The foundations, with this data in hand, significantly increased their overhead rates. Based on their public statements, they did so in a thoughtful fashion. But they did so in a relatively cautious fashion – they increased the rates to the minimum they now saw as necessary – the average actual “overhead” rates displayed by the most healthy of their grantees.

That is the current boundary reached by the philanthropic community. Now imagine what it would look like if these and other well-intentioned funders boldly decide to Flip the Funding Formula altogether, going from “overhead rates” of 20 percent to “leadership excellence rates” of 80 percent. 
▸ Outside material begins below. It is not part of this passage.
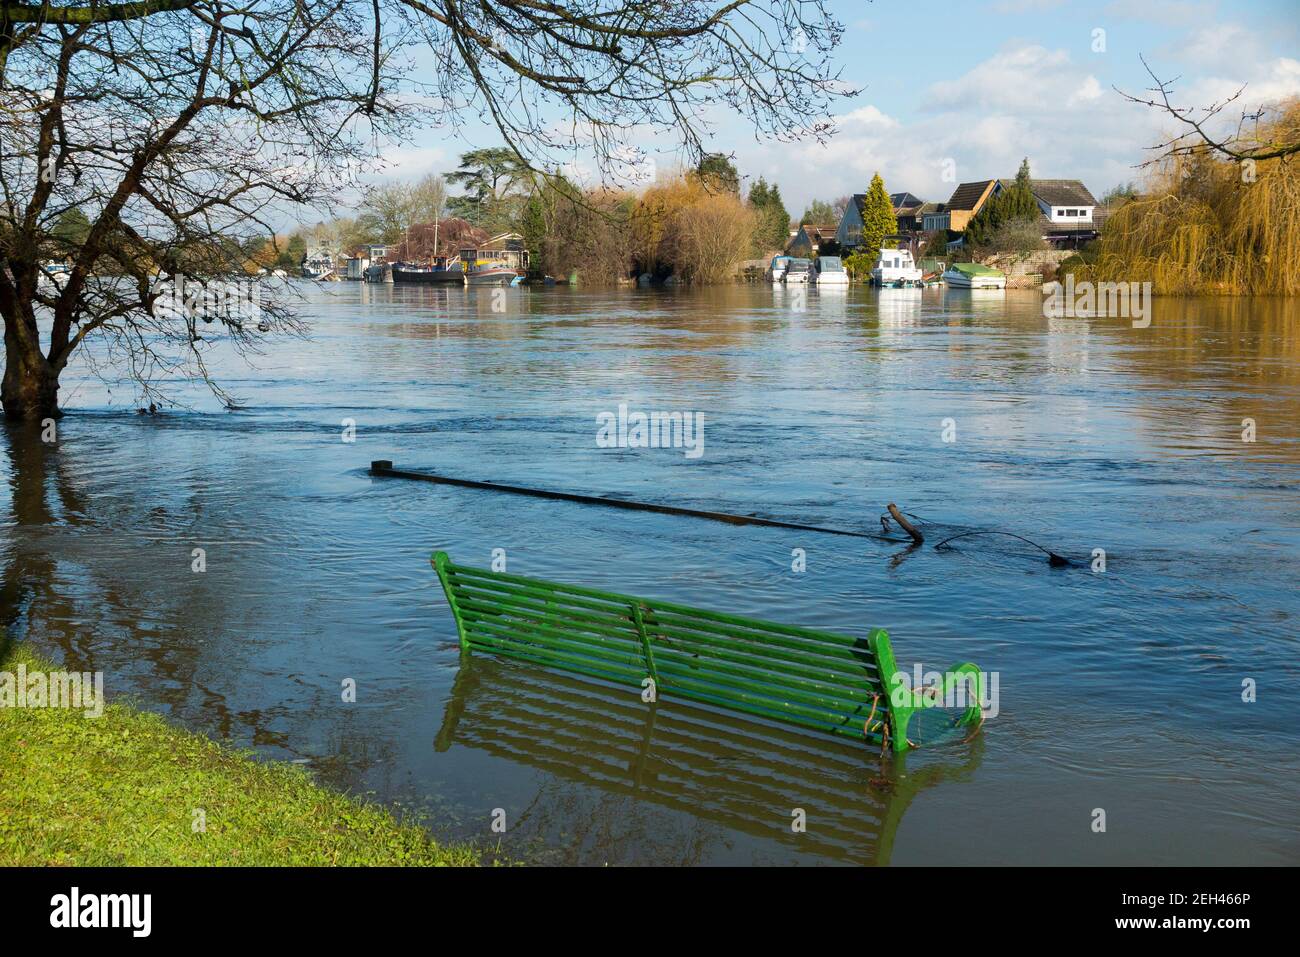 A partially submerged park bench seat in flood waters of the river Thames in old Windsor near Runnymede meadows & flood plain, site of the the signing of the Magna Carta in the year 1215 by King John and the English barons. Winter day with sunny sun and blue sky skies. (123) Stock Photo
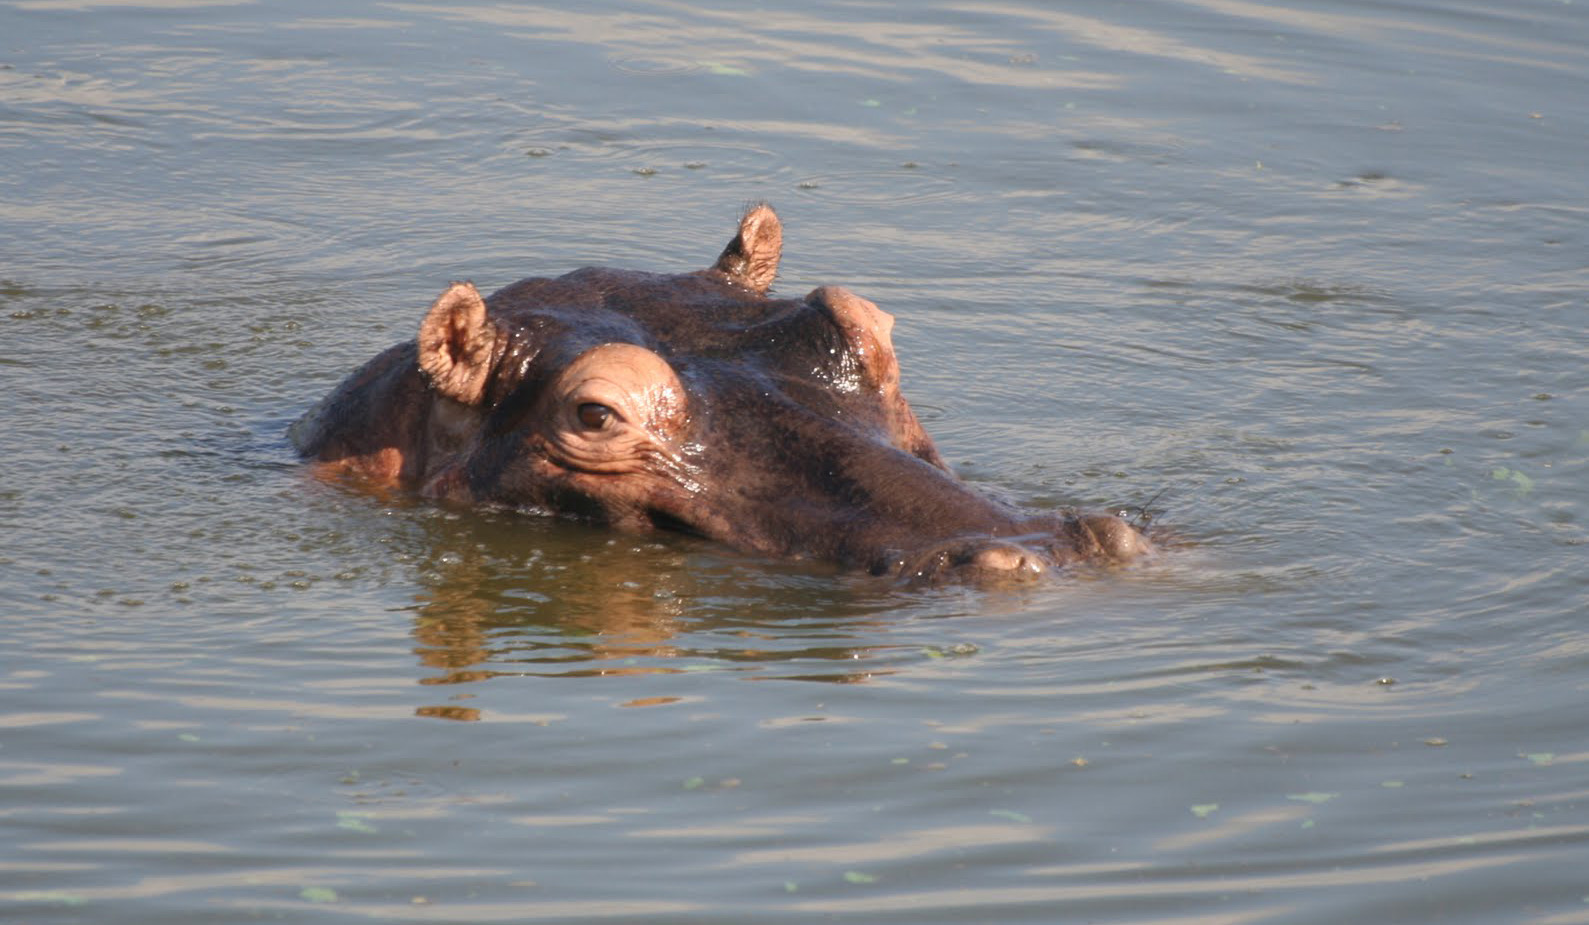 Hippos in the Kruger National Park viewable from Marloth Park

Once funders establish their Flipped Funding Formulas, nonprofit leaders and workers in the social movements they support will no longer operate in a system that dismisses their labor as “overhead”. Instead, they will be treated respectfully as the bedrock of organizational effectiveness. As has been shown in the for-profit business sector and in research on burnout in the caring professions, that will make an enormous difference to morale, productivity, performance, impact, and retention rates. This in turn will enable leaders to build stronger organizations in the short-term, more sustainable institutions in the long-term, and to improve their mission and programmatic outputs and outcomes. It will also likely increase trust, respect, and collaboration between grantees and grantors.

Program expenses, while still very important, will be treated with appropriate respect on a scale that is more realistic.

The layers of traumas that have been piled on nonprofit professionals in recent years – from the Great Recession to the Great Resignation – have made investments in grantee staff an existential issue. The Flipped Funding Formula would empower and incentivize grantees to invest in their staff in a manner that is urgently, desperately, and clearly needed. 

So if you’re looking to help grantees emerge from the upheaval of the pandemic – if you’re looking to invest in grantee leadership, to engage in more trust-based grantmaking, to advance racial equity, and to become a more flexible funder – while still maintaining a reasonable amount of accountability with your grants – then please accept this modest proposal to Flip your Funding Formula.

You’ll be happy you did. And so will the nonprofits you support and the people they serve.